Changes in the Supra- & Supra-threshold Median Intraclass Correlation (ICC), Between-subject variance (BS) and Within-subject variance (WS) estimate in the ABCD sample for N 25 to 525 with 100 bootstraps at each N

Note: Based on the top model from Figure 2: Small Gain vs Implicit Baseline Contrast, ‘CueMod’ Model, Motion option 1 and FWHM 8.4.

Post Hoc Analyses

An exploratory set of analyses were performed to evaluate 1) the effect of analytic decisions on ICC for the Left and Right Nucleus Accumbens and 2) the association between voxelwise Cohen’s d estimates at the group-level and the voxelwise ICC maps. These are reported in supplemental section 2.6.

Discussion

Understanding the analytic decisions that may consistently increase individual- and/or group-level reliability estimates has implications for the study of individual differences using fMRI. The current study expands on previous work by simultaneously evaluating the effects of smoothing, motion correction, task parameterization and contrast selection on the continuous and binary reliability estimates of BOLD activity during the MID task for run- and session-level data across three independent samples. The five major findings are: (1) The ICC(3,1) test-retest reliability estimates in the MID task are consistently low; (2) Group-level estimates of reliability are higher than individual [ICC] estimates; (3) Contrast selection and Model Parameterization have the largest impact on median ICC estimates, and Smoothing and Contrast selection has the largest impact on similarity estimates; however, gains in reliability across different contrasts comes at the cost of interpretability and may differ; (4) Motion correction strategies in these analyses did not meaningfully improve individual or group similarity estimates and, in some cases, reduced estimates of reliability; and (5) the median ICC estimate varied across sample size but the variability decreased with increased sample size. Excluding some differences, the results are relatively consistent across the three samples, runs and sessions, providing a comprehensive overview of how analytic decisions at the GLM impact reliability of estimated BOLD in commonly used versions of the MID task.
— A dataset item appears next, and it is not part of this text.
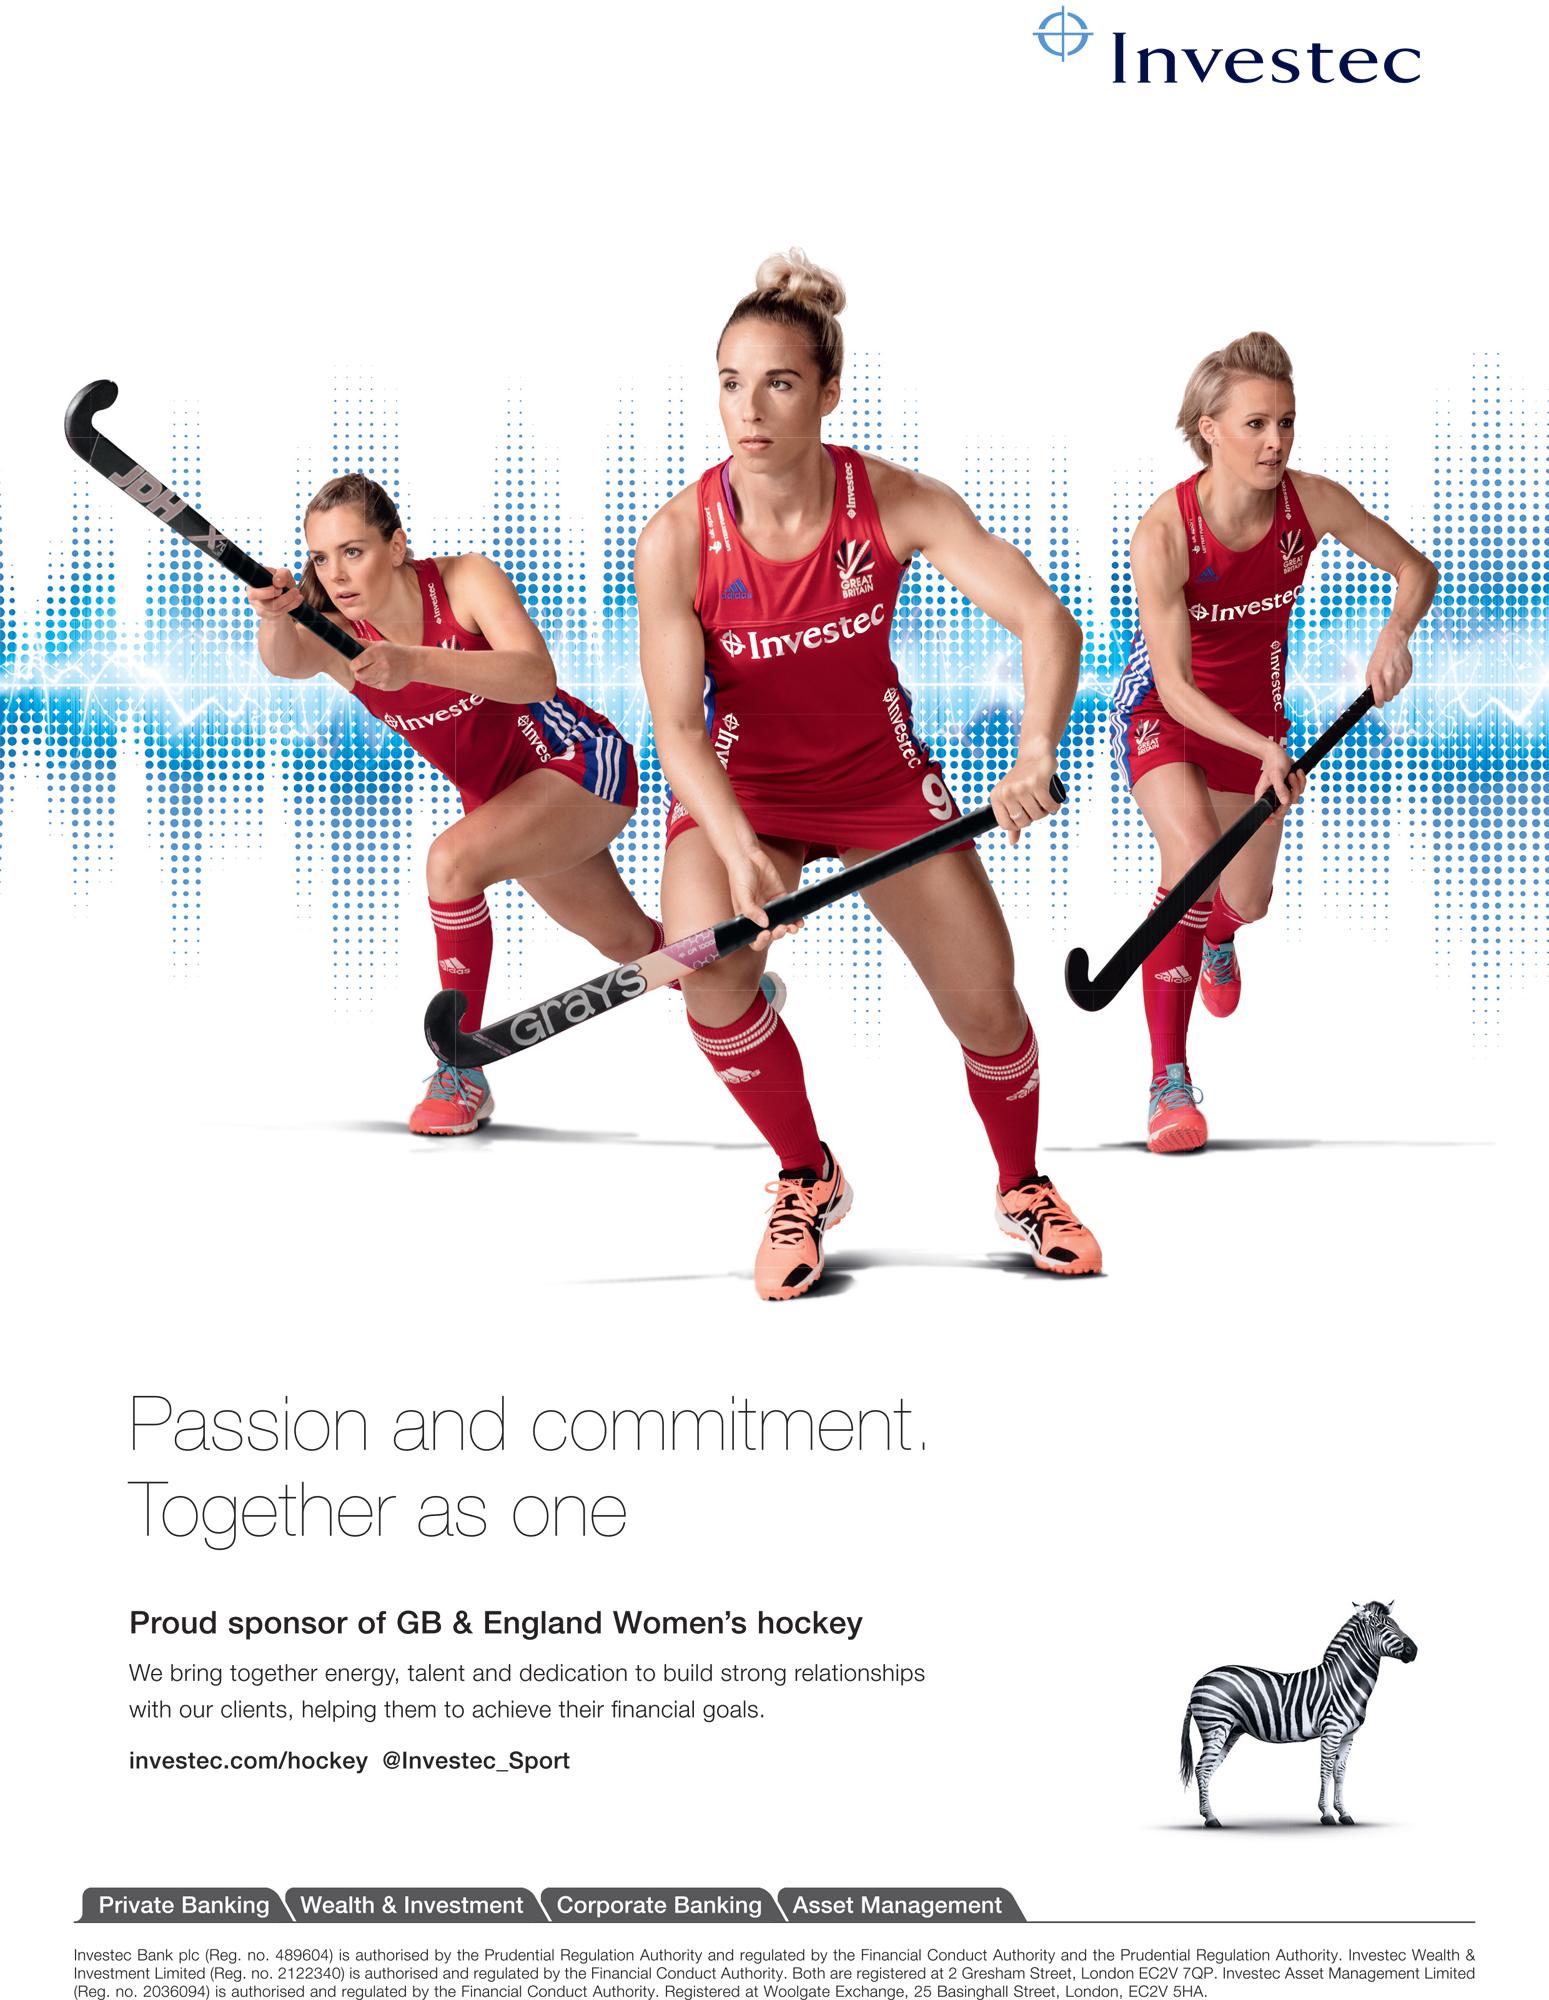 C39365_Group_Hockey_England-programme_297x210_Jul17_v1_TS.jpg

The findings from these multiverse analyses confirm previous reports that ICC estimates are relatively low in univariate task-fMRI and in the current state are inadequate measures for use in individual differences research (Elliott et al., 2020; Kennedy et al., 2022). Consistent with Elliott et al (2020), reliability estimates in the sub-threshold (or non-target mask) are lower than the supra-threshold of the MID task (target mask). The range of median ICCs varied across analytic decisions. Using commonly employed cut-offs (Cicchetti & Sparrow, 1981; Elliott et al., 2020; Noble et al., 2019), ICC estimates for Large Gain versus Neutral contrast are in the ‘Poor’ range and the Large Gain versus Implicit Baseline contrast ranged between ‘Poor’ and ‘Fair’ across the three samples. Test-retest reliability for the Large Gain (Small Gain) versus Implicit Baseline contrast are modulated by Model Parameterization, whereby the Cue Model had a meaningfully higher reliability than the Anticipation Model. However, this may come at the cost of validity, which is discussed below. Nevertheless, based on voxelwise distributions from the top performing model (Model: Cue Model, Contrast: Small Gain versus Implicit Baseline, Motion Correction: None, Smoothing: 8.4 mm kernel), visual and motor regions had the highest ICCs, in the ‘Fair’ to ‘Good’ range. Post hoc analyses of the bilateral NAc illustrate that, on average, ICC estimates in this region of interest are in the ‘Poor’ range. Notably, ICCs in this post hoc region were not meaningfully impacted by Model Parameterization but were impacted by Contrast and Motion correction, suggesting that test-retest reliability may be uniquely impacted by analytic strategy depending on the voxels under consideration. These findings illustrate that the test-retest reliability of the MID task is relatively low, even in the most common ROI such as the Left and Right NAc. While Kennedy et al. (2022, p. 13) speculated that low reliabilities in the ABCD sample may be attributed to the participants’ young age, our results demonstrate that median ICC estimates are higher in older than younger samples but reliability estimates in the MID task remain consistently low across early adolescents and late adolescents/young adults. To understand how analytic strategies differentially impact ICCs in different brain regions, we encourage future researchers to use the publicly available estimated maps to probe this question further.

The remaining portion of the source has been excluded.